Google Speech V2 从麦克风实时流式传输

问题描述 投票:0回答:1

我似乎无法在文档中找到如何使用谷歌语音V2 API的任何地方。由于某种原因,V2 似乎比 V1 便宜(根据 google 的语音定价表——尽管我不知道为什么过时的版本似乎更贵),而且 V2 还支持自动语言检测。

这是一个使用 V1 从麦克风“收听”并实时转录的工作示例:

import queue
import re
import sys
import os

from google.cloud import speech


import pyaudio

# Audio recording parameters
RATE = 16000
CHUNK = int(RATE / 10)  # 100ms

os.environ["GOOGLE_APPLICATION_CREDENTIALS"]="key_google.json"

class MicrophoneStream:
    """Opens a recording stream as a generator yielding the audio chunks."""

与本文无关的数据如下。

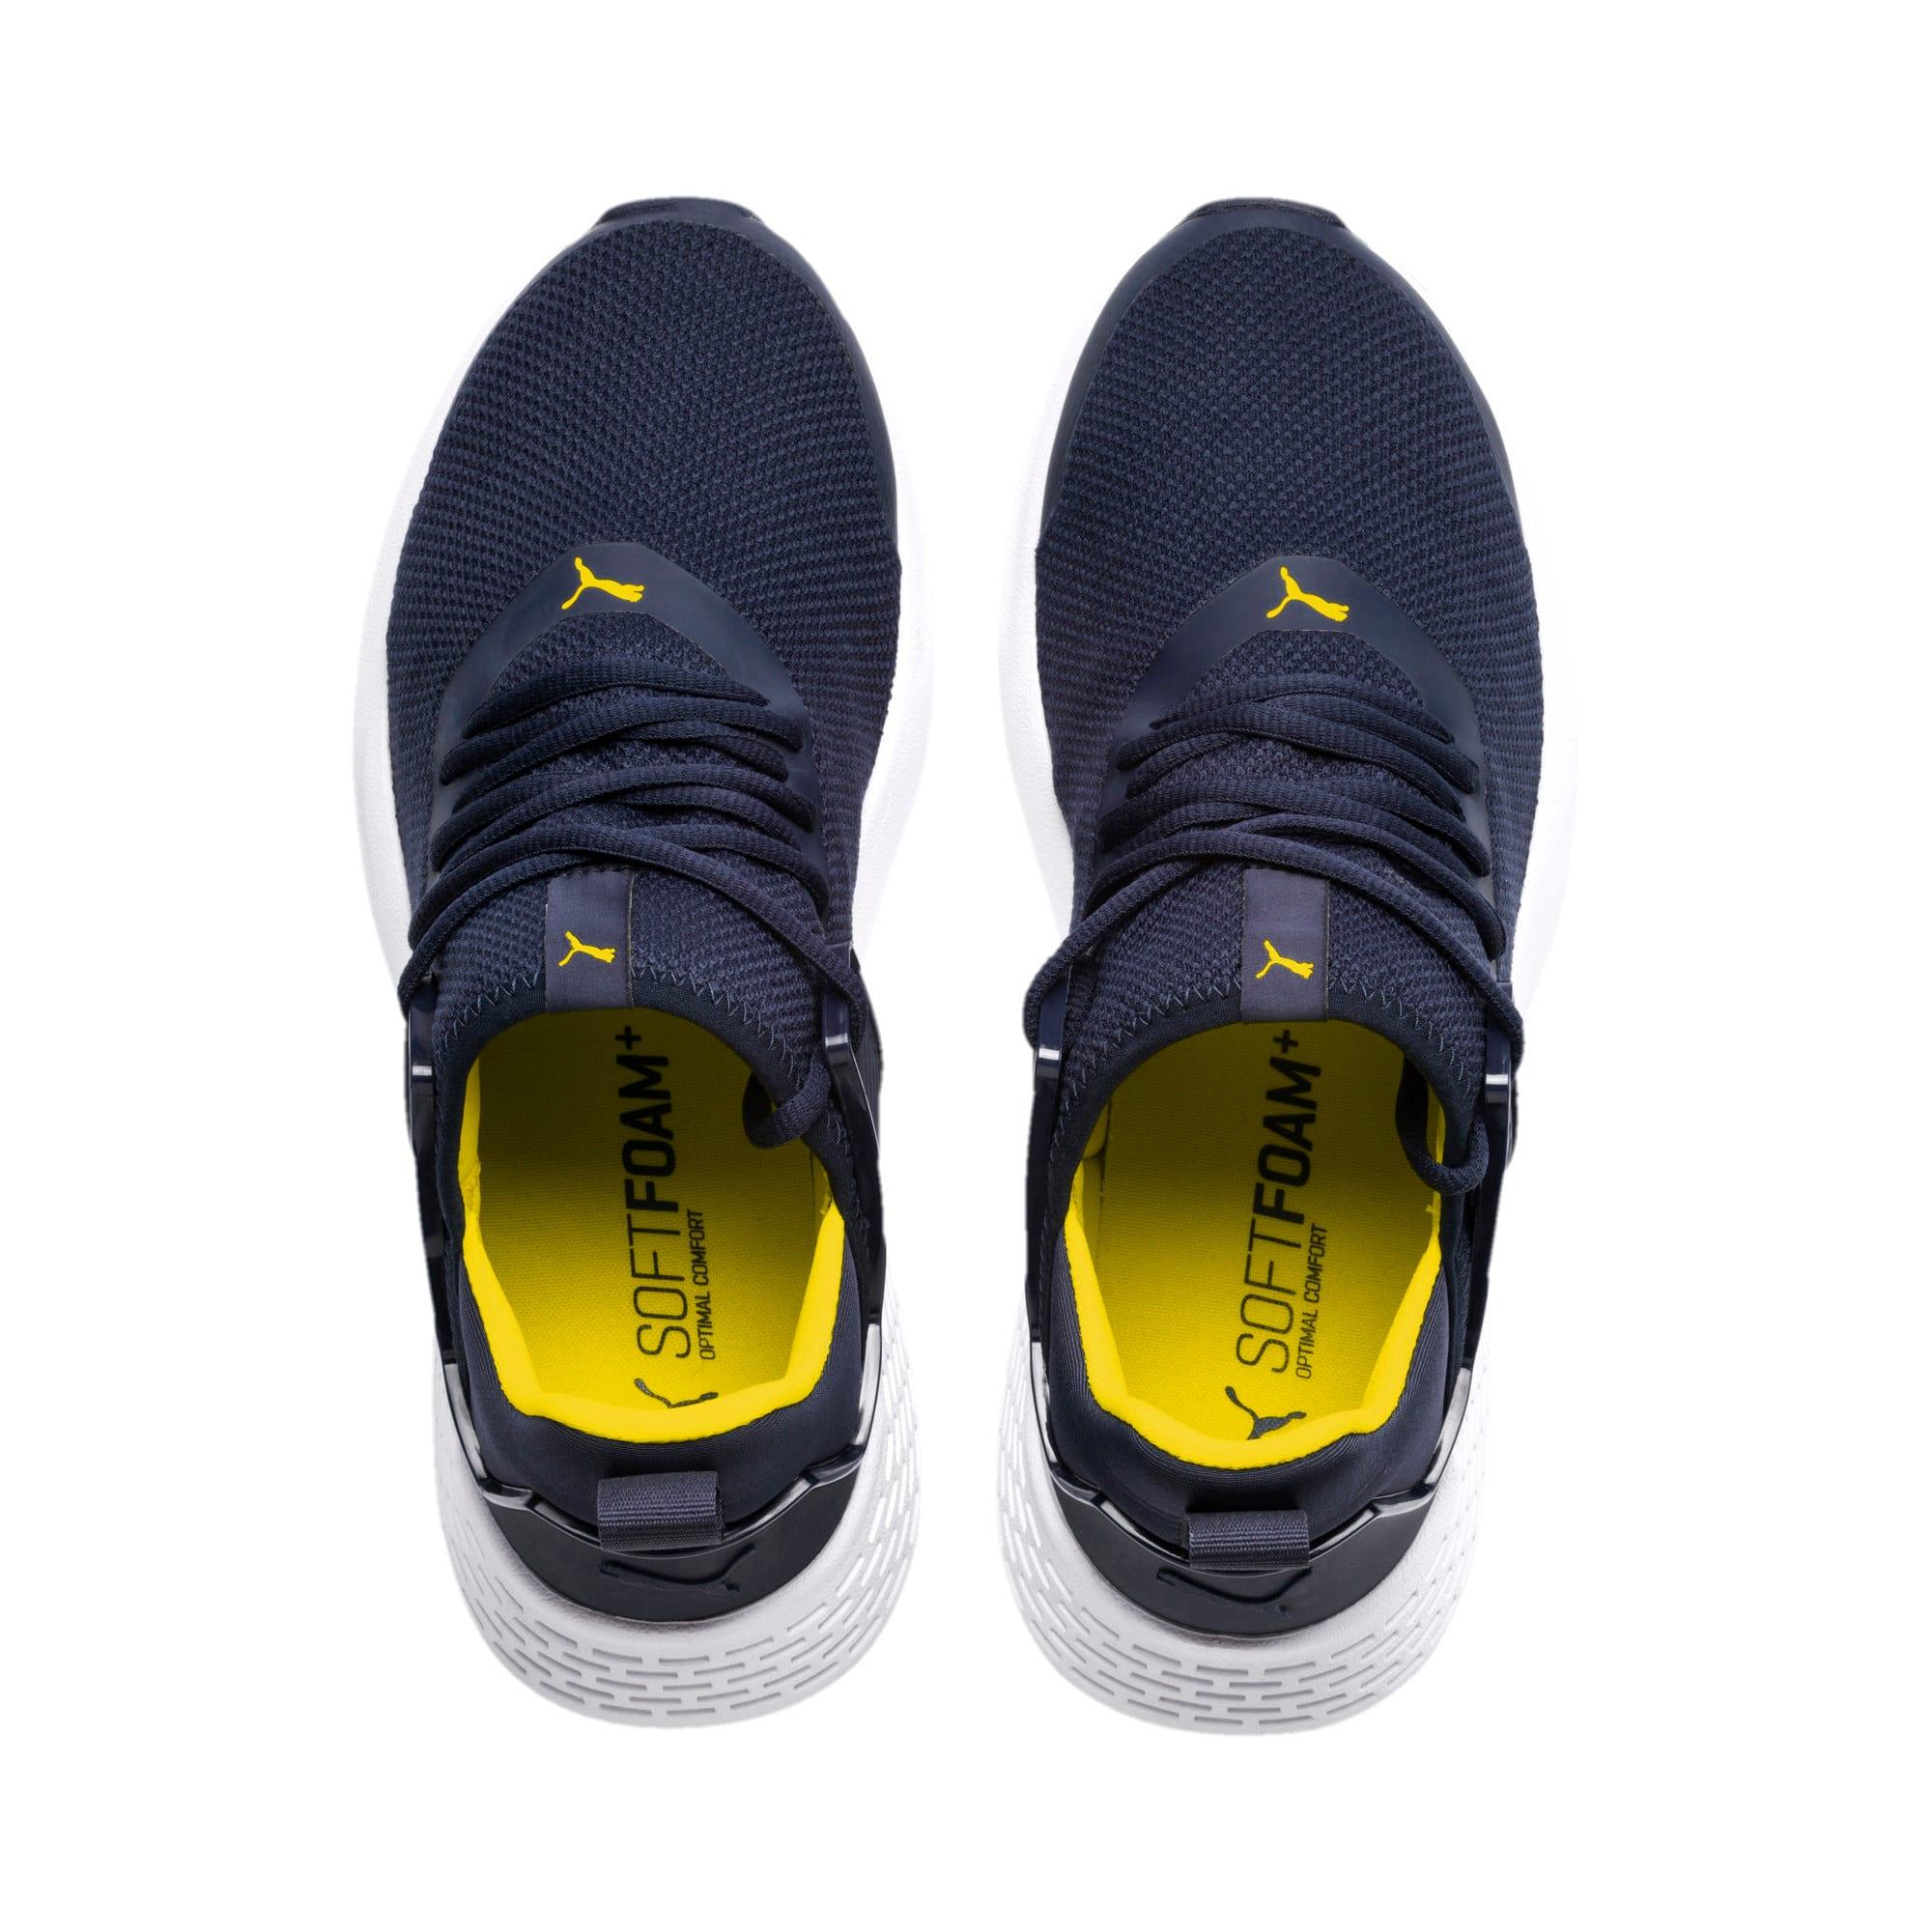 Thumbnail 6 of Insurge Mesh Sneakers, Peacoat-Blazing Yellow-White, medium-IND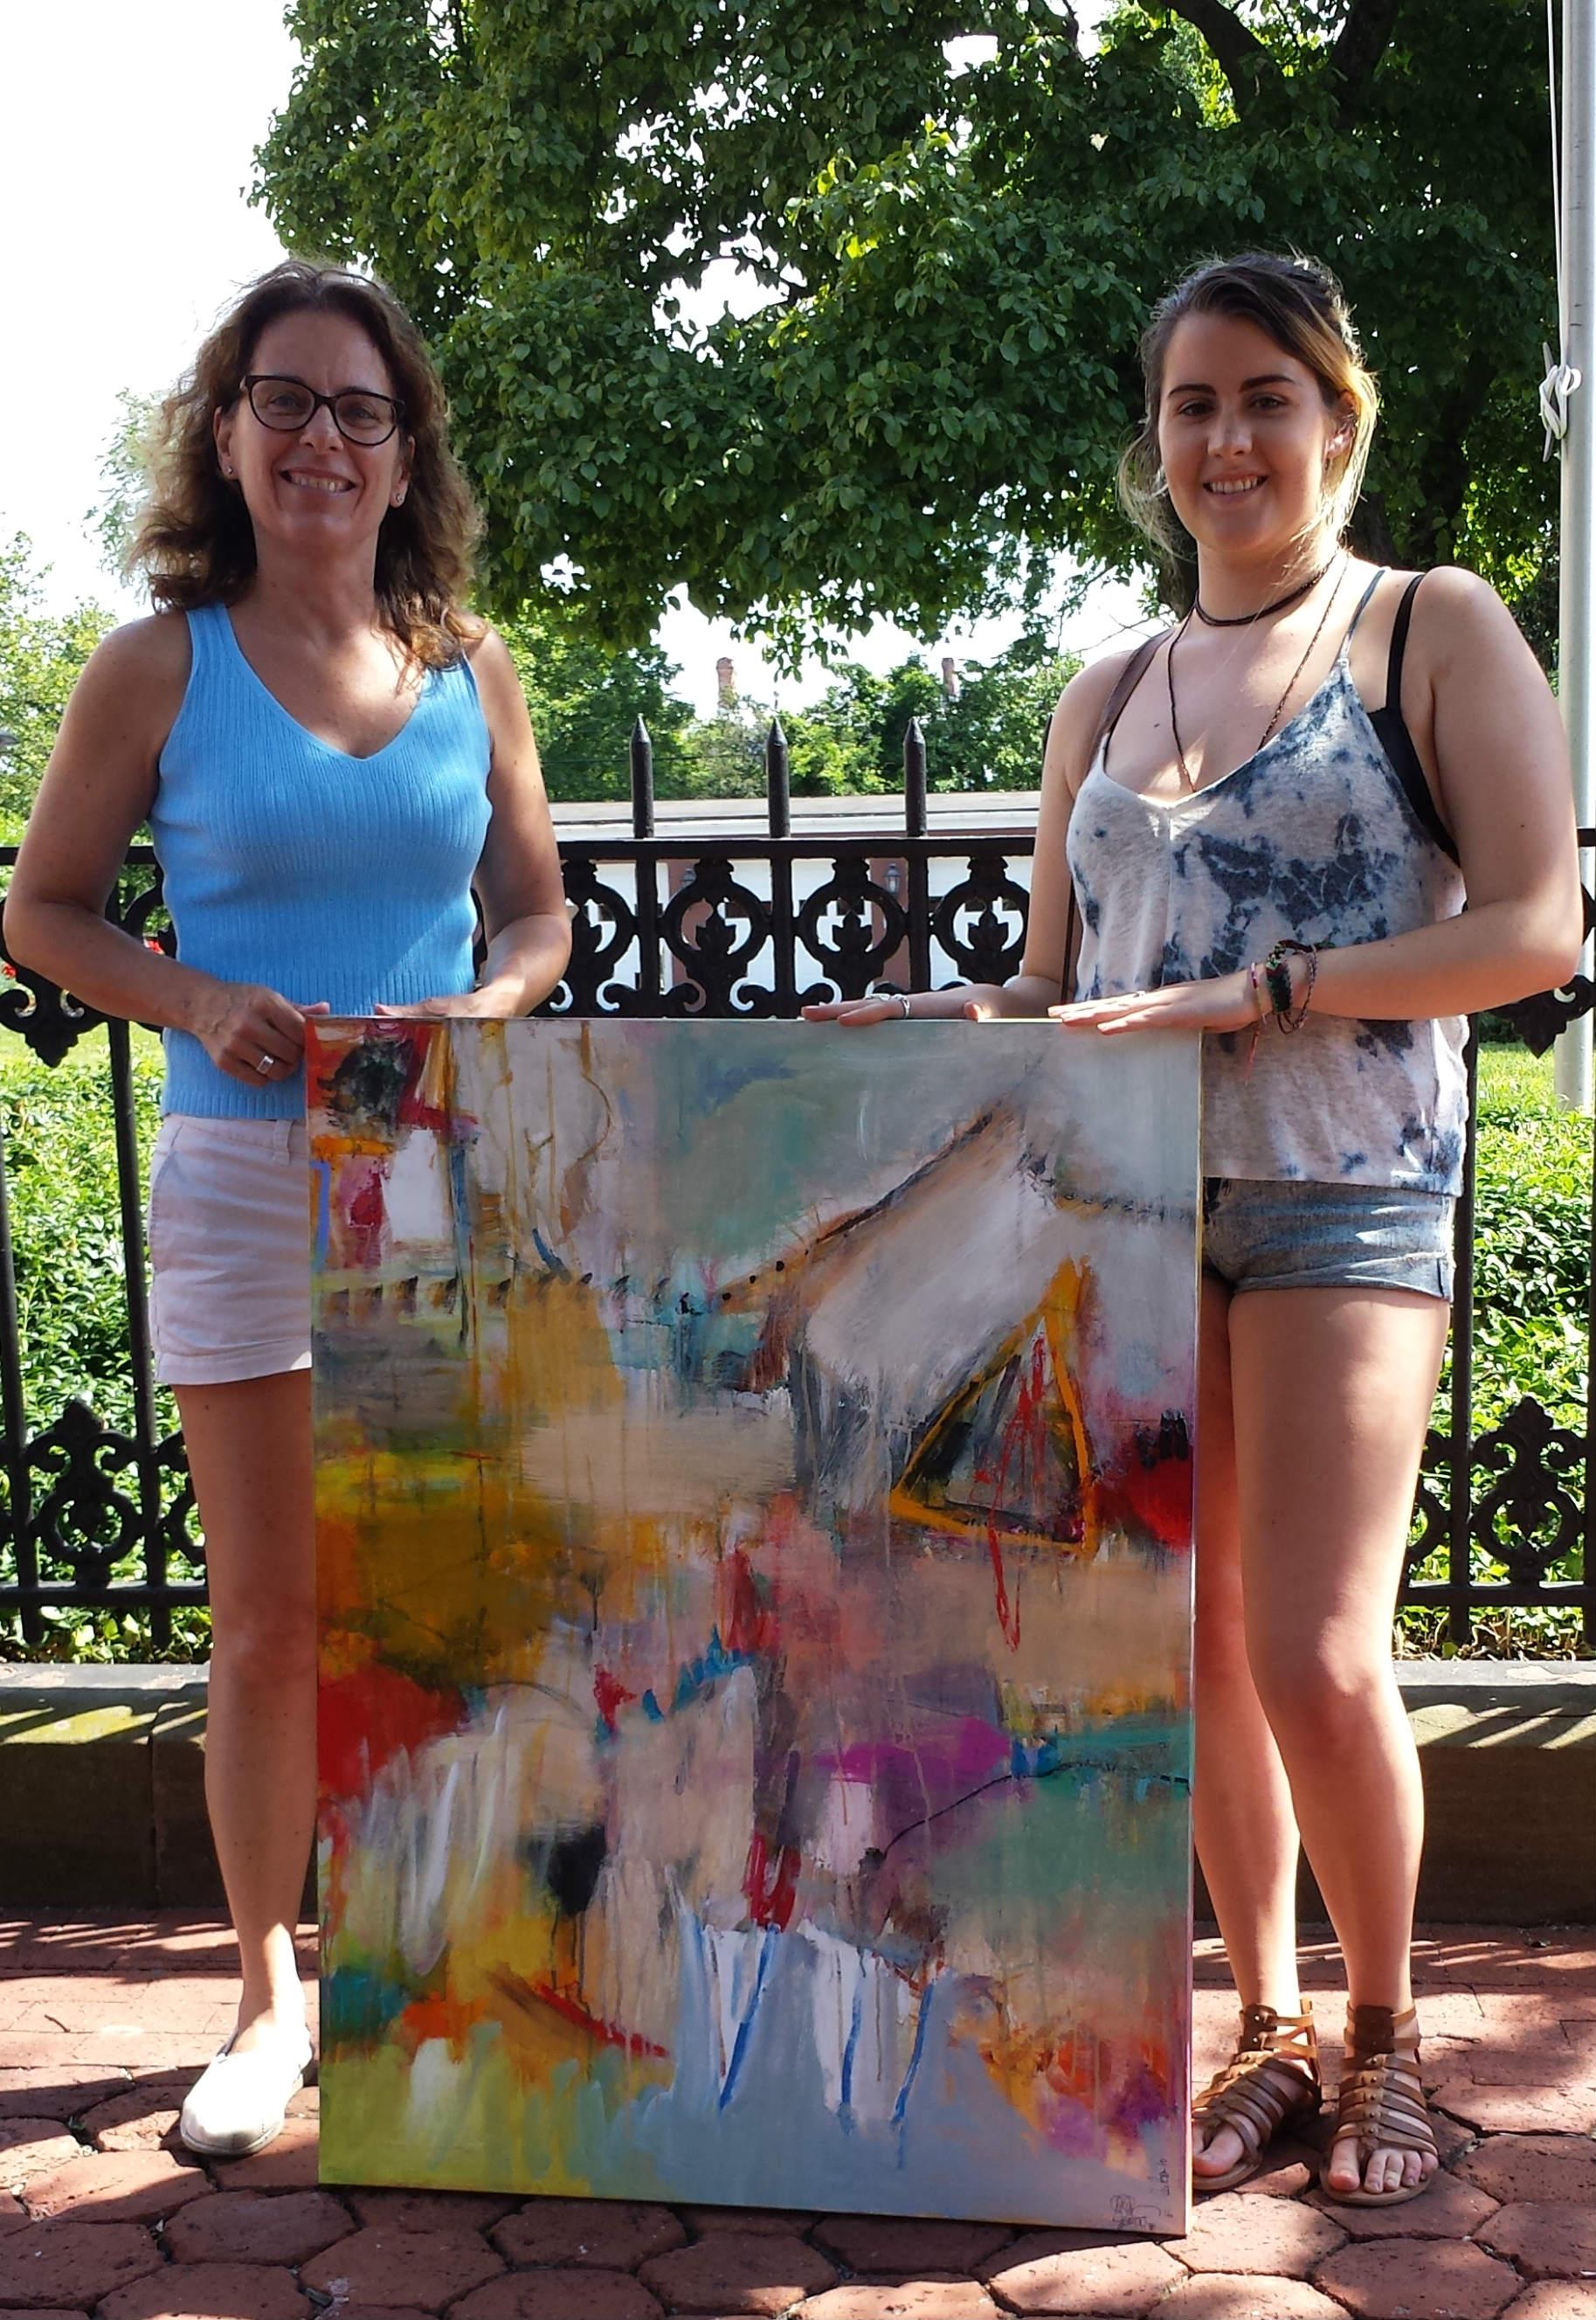 Beth Becker and Emily Hanner

    def __init__(self: object, rate: int = RATE, chunk: int = CHUNK) -> None:
        """The audio -- and generator -- is guaranteed to be on the main thread."""
        self._rate = rate
        self._chunk = chunk

        # Create a thread-safe buffer of audio data
        self._buff = queue.Queue()
        self.closed = True

    def __enter__(self: object) -> object:
        self._audio_interface = pyaudio.PyAudio()
        self._audio_stream = self._audio_interface.open(
            format=pyaudio.paInt16,
            # The API currently only supports 1-channel (mono) audio
            channels=1,
            rate=self._rate,
            input=True,
            frames_per_buffer=self._chunk,
            # Run the audio stream asynchronously to fill the buffer object.
            # This is necessary so that the input device's buffer doesn't
            # overflow while the calling thread makes network requests, etc.
            stream_callback=self._fill_buffer,
        )

        self.closed = False

        return self

    def __exit__(
        self: object,
        type: object,
        value: object,
        traceback: object,
    ) -> None:
        """Closes the stream, regardless of whether the connection was lost or not."""
        self._audio_stream.stop_stream()
        self._audio_stream.close()
        self.closed = True
        # Signal the generator to terminate so that the client's
        # streaming_recognize method will not block the process termination.
        self._buff.put(None)
        self._audio_interface.terminate()

    def _fill_buffer(
        self: object,
        in_data: object,
        frame_count: int,
        time_info: object,
        status_flags: object,
    ) -> object:
        """Continuously collect data from the audio stream, into the buffer.

        Args:
            in_data: The audio data as a bytes object
            frame_count: The number of frames captured
            time_info: The time information
            status_flags: The status flags

        Returns:
            The audio data as a bytes object
        """
        self._buff.put(in_data)
        return None, pyaudio.paContinue

    def generator(self: object) -> object:
        """Generates audio chunks from the stream of audio data in chunks.

        Args:
            self: The MicrophoneStream object

        Returns:
            A generator that outputs audio chunks.
        """
        while not self.closed:
            # Use a blocking get() to ensure there's at least one chunk of
            # data, and stop iteration if the chunk is None, indicating the
            # end of the audio stream.
            chunk = self._buff.get()
            if chunk is None:
                return
            data = [chunk]

            # Now consume whatever other data's still buffered.
            while True:
                try:
                    chunk = self._buff.get(block=False)
                    if chunk is None:
                        return
                    data.append(chunk)
                except queue.Empty:
                    break

            yield b"".join(data)


def listen_print_loop(responses: object) -> None:  # Changed the return type to None
    num_chars_printed = 0
    all_transcripts = []  # To store all transcripts

    for response in responses:
        if not response.results:
            continue

        result = response.results[0]
        if not result.alternatives:
            continue

        transcript = result.alternatives[0].transcript
        overwrite_chars = " " * (num_chars_printed - len(transcript))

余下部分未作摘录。